Book Review of The Moose Fairy
The Children’s Book Review
Written and Illustrated by Steve Smallman
Ages 3+ | 32 Pages
Publisher: Happy Yak | ISBN: 9780711258839
What to expect: Humor, accepting differences, fairies, and friendship
THE MOOSE FAIRY by Steve Smallman is a heart-warming story about being different, and accepting your true self.
There once lived a moose in the forest who wanted more than anything to be…
Wings, wands, sparkles, you name it, Moose loved it. When Moose sees a sign for The Secret Fairy Club meeting, he gets pretty excited—this will finally be his chance to live out his dream of fairyhood!
He digs out his best fairy costume and heads over to the meeting, only to discover he’s about six feet taller than the rest of the forest creatures there. They are all bunnies, mice, and rodents, and not one giant forest creature stand among them besides himself. And it sure doesn’t help when a few of them point out how different he is. He persists anyway with all the fairy meeting excitement, and it seems to be going swimmingly until it’s time to get inside the fairy clubhouse itself.
With his big body and rack of antlers, Moose can’t fit! And the rude little mouse sticks her whiskery nose out and tells him, “You can’t be in our club…you just don’t fit in!” But when a hungry fox comes along, it’s Moose and his strong horns that come to all of the Fairy Club members’ rescue, making everyone realize just how amazing it is for Moose to be different and how those differences truly saved the day!

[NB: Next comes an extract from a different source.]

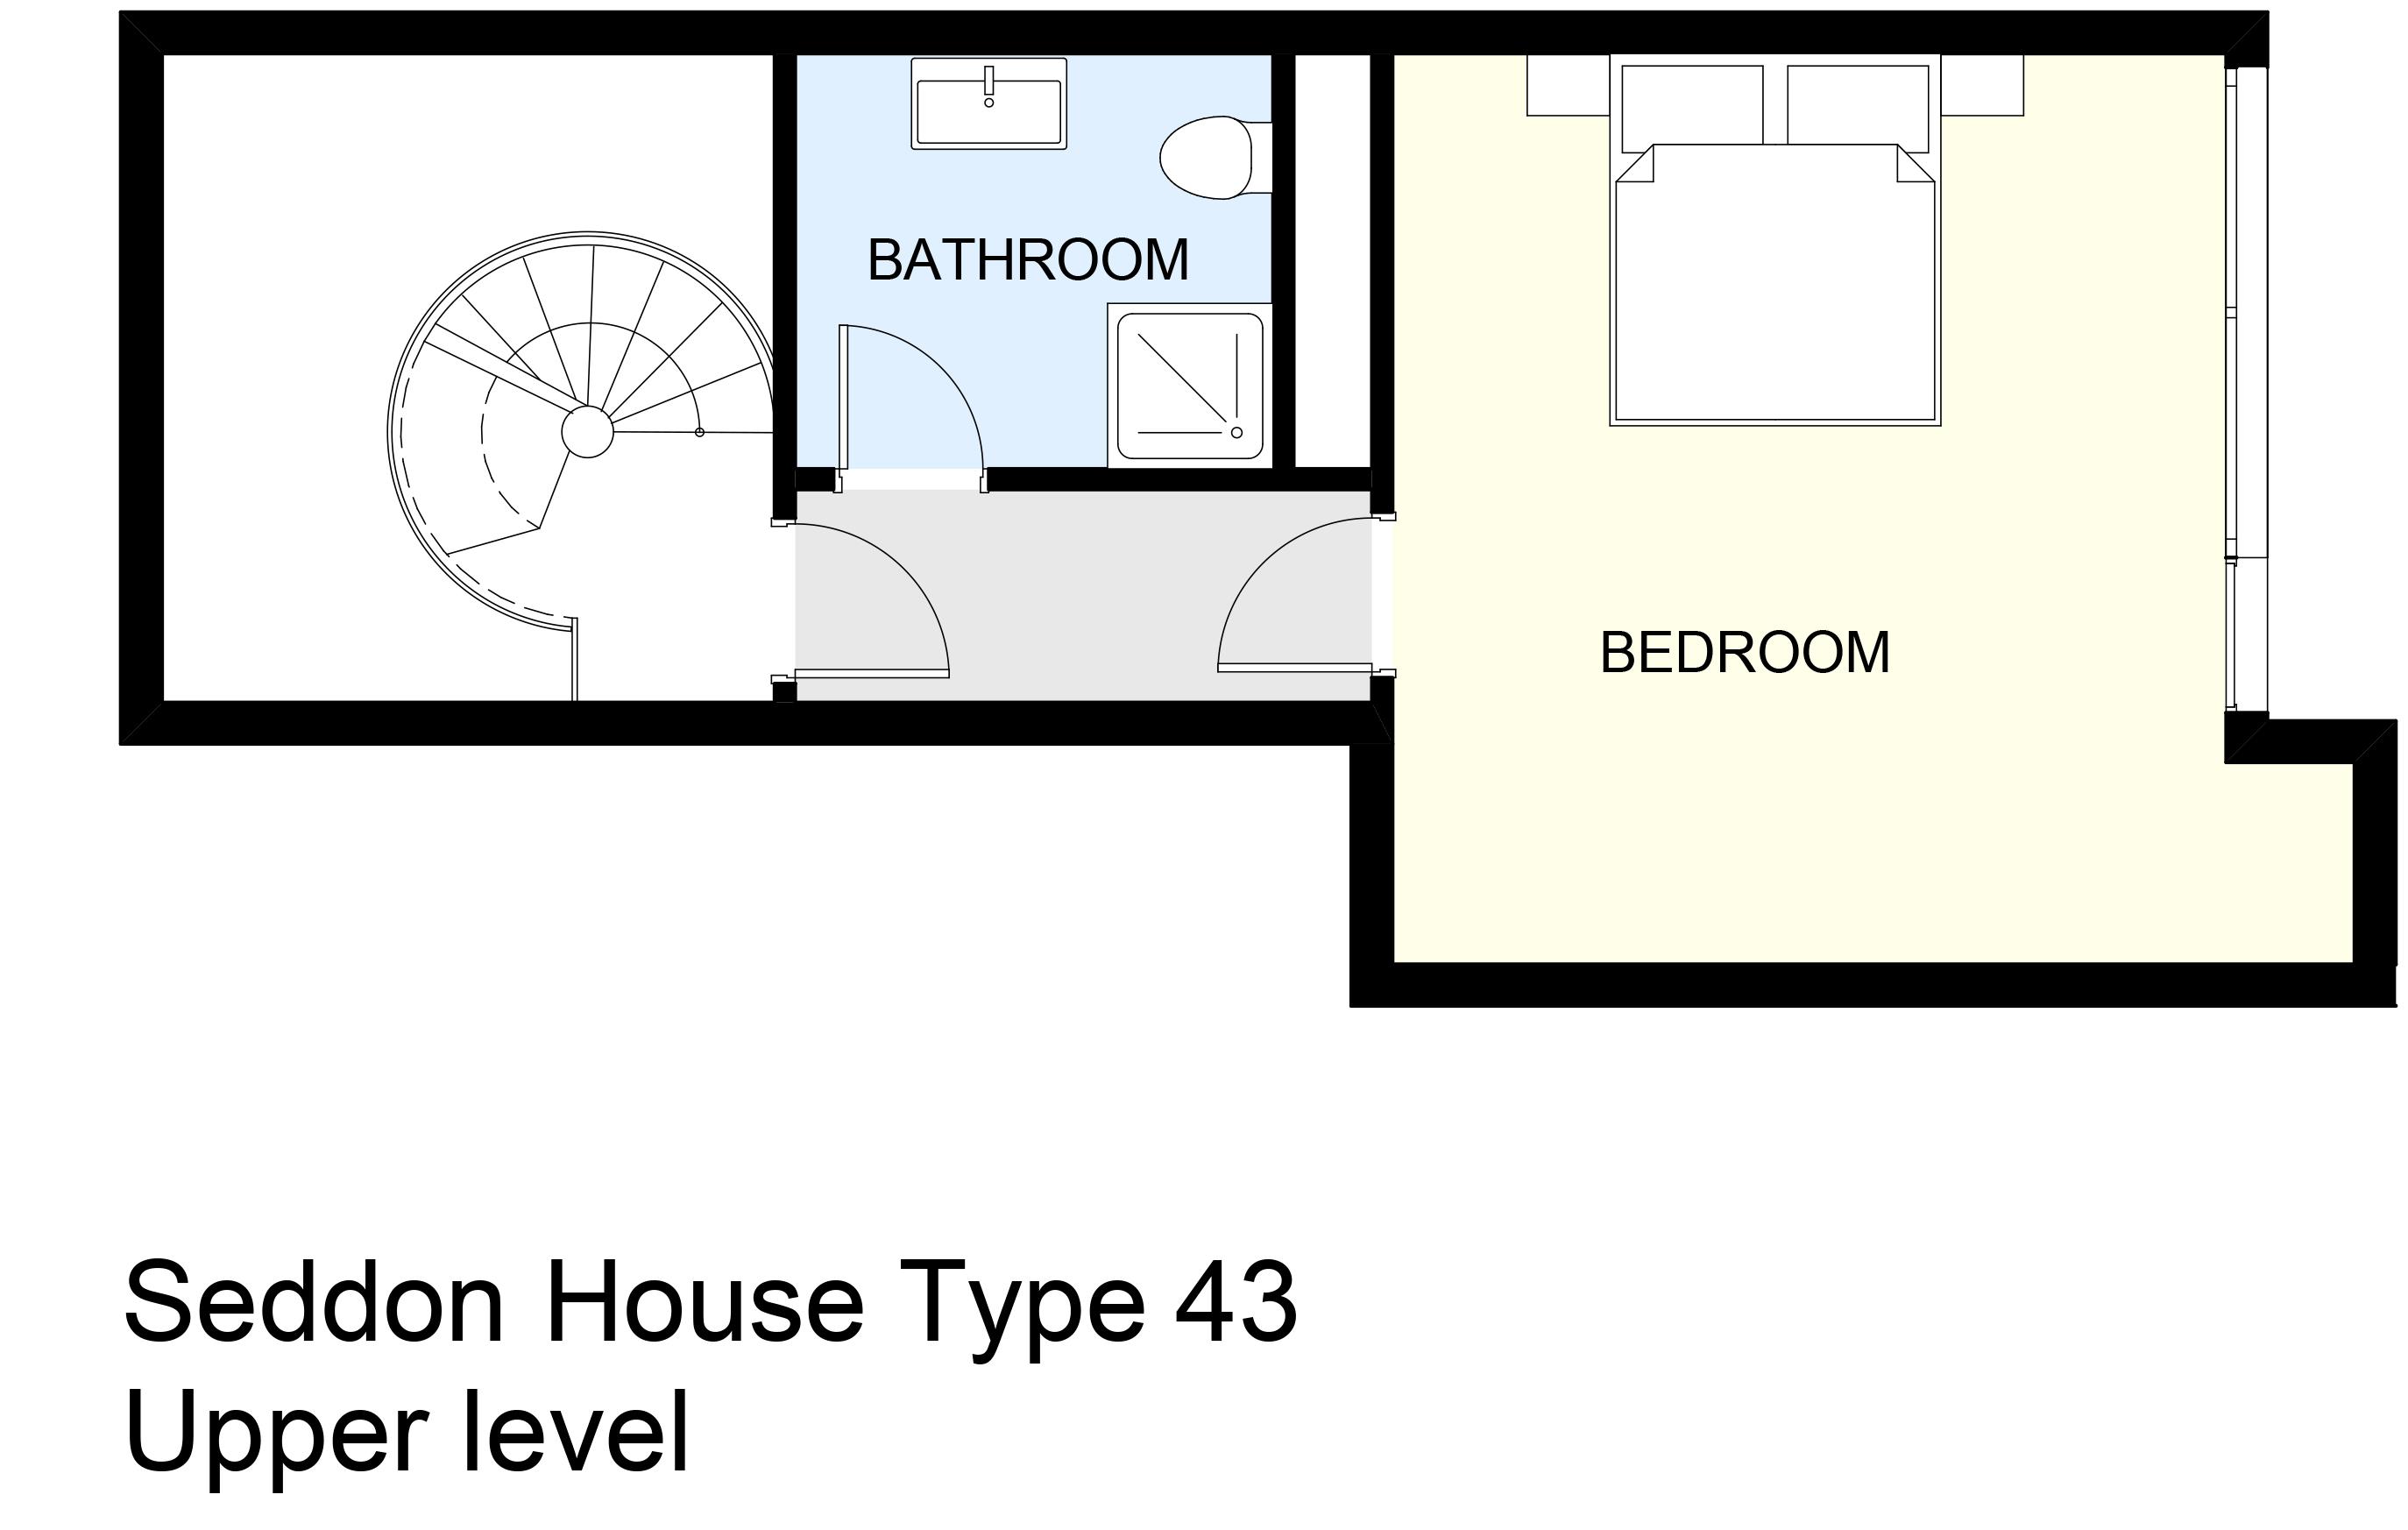 Seddon House Type 43 Upper level
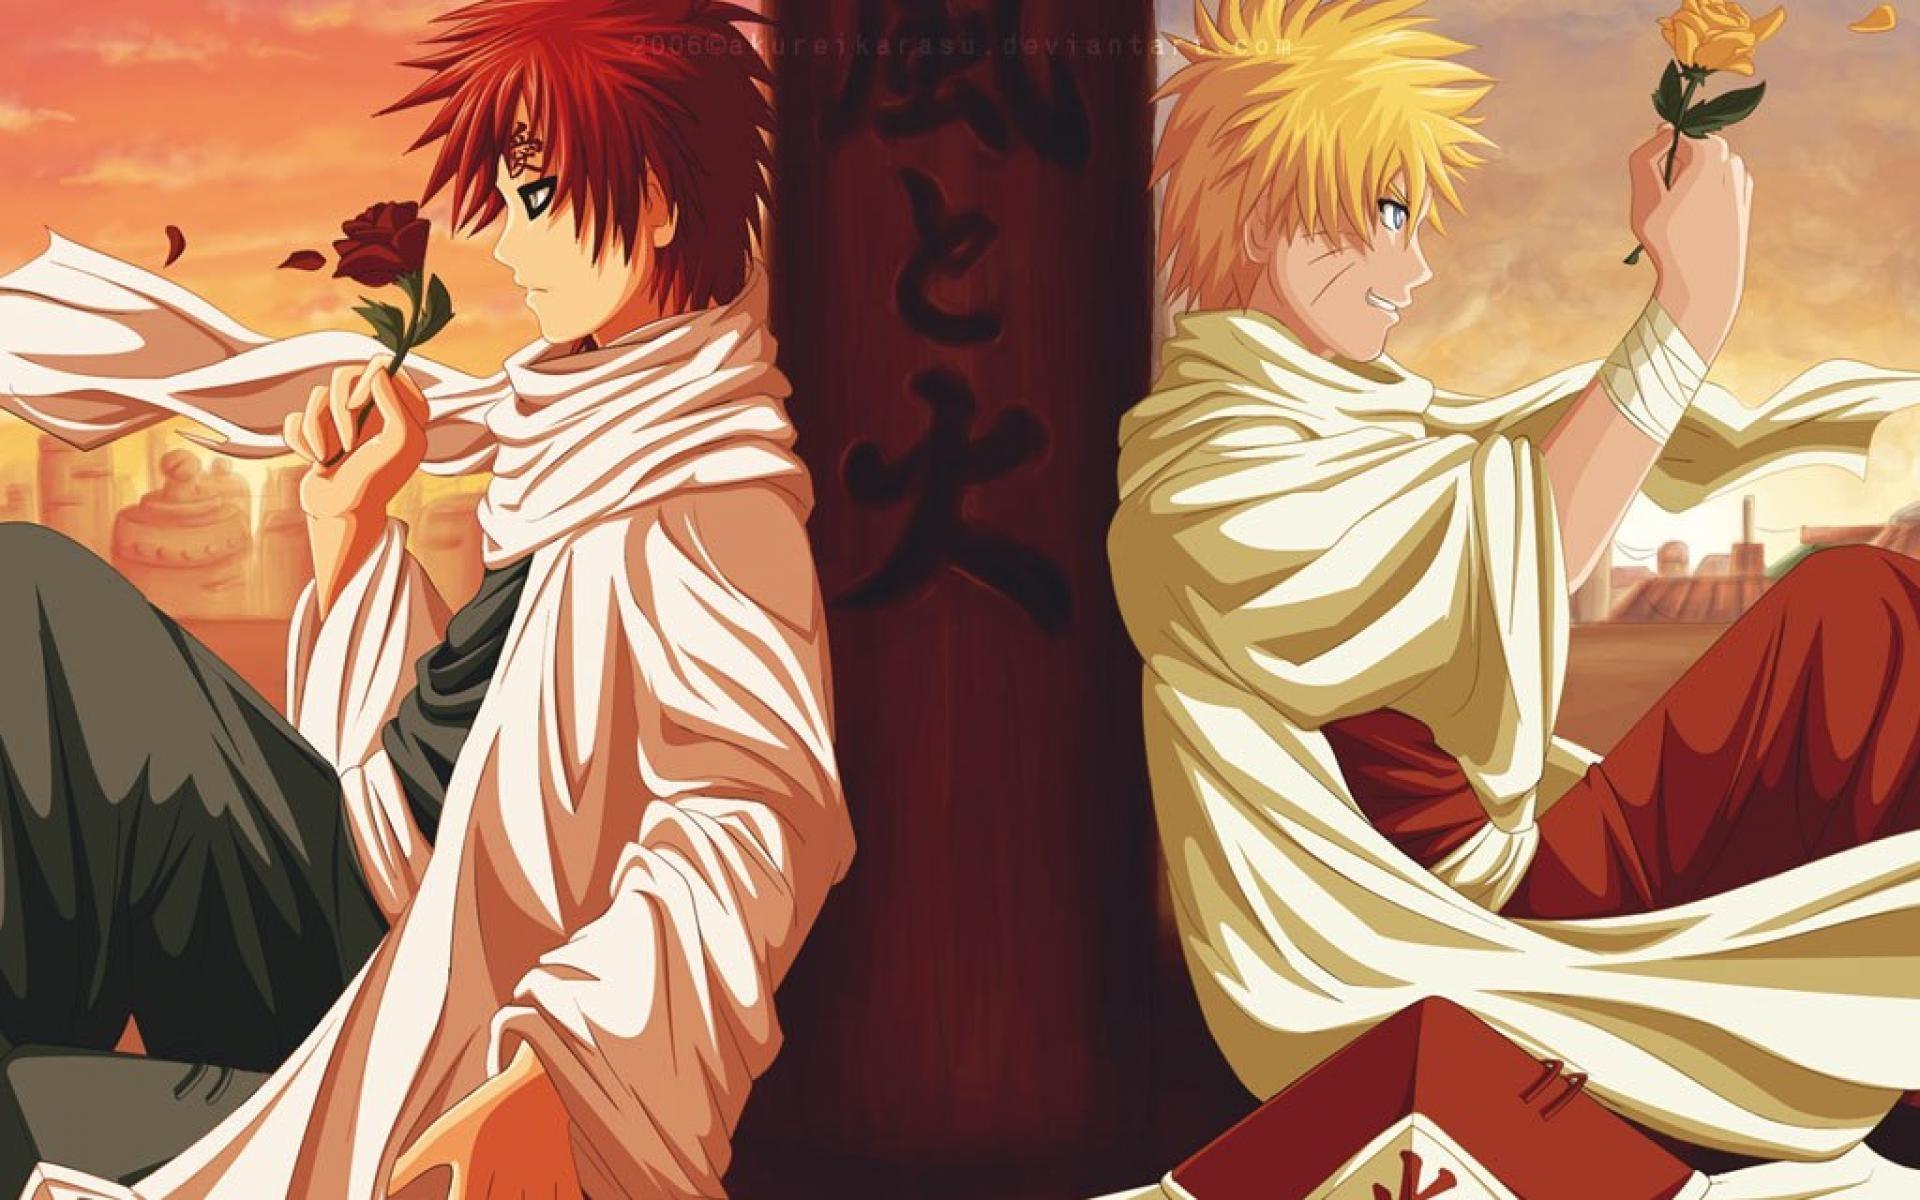 Gaara-Naruto HD Wallpaper

With a charming Moose main character and adequately rude mice friends (you can just hear her tone of voice when she tells Moose to get lost!), Moose’s story jumps off the page and will delight young readers who know what it’s like to be excluded. And really, who hasn’t been? It’s incredibly satisfying when Moose’s enormous size is the exact thing that saves the group, and the forest creatures admit they were wrong all along. By Moose owning his identity and pursuing his passions, everyone in the forest gets a happy ending—including the reader.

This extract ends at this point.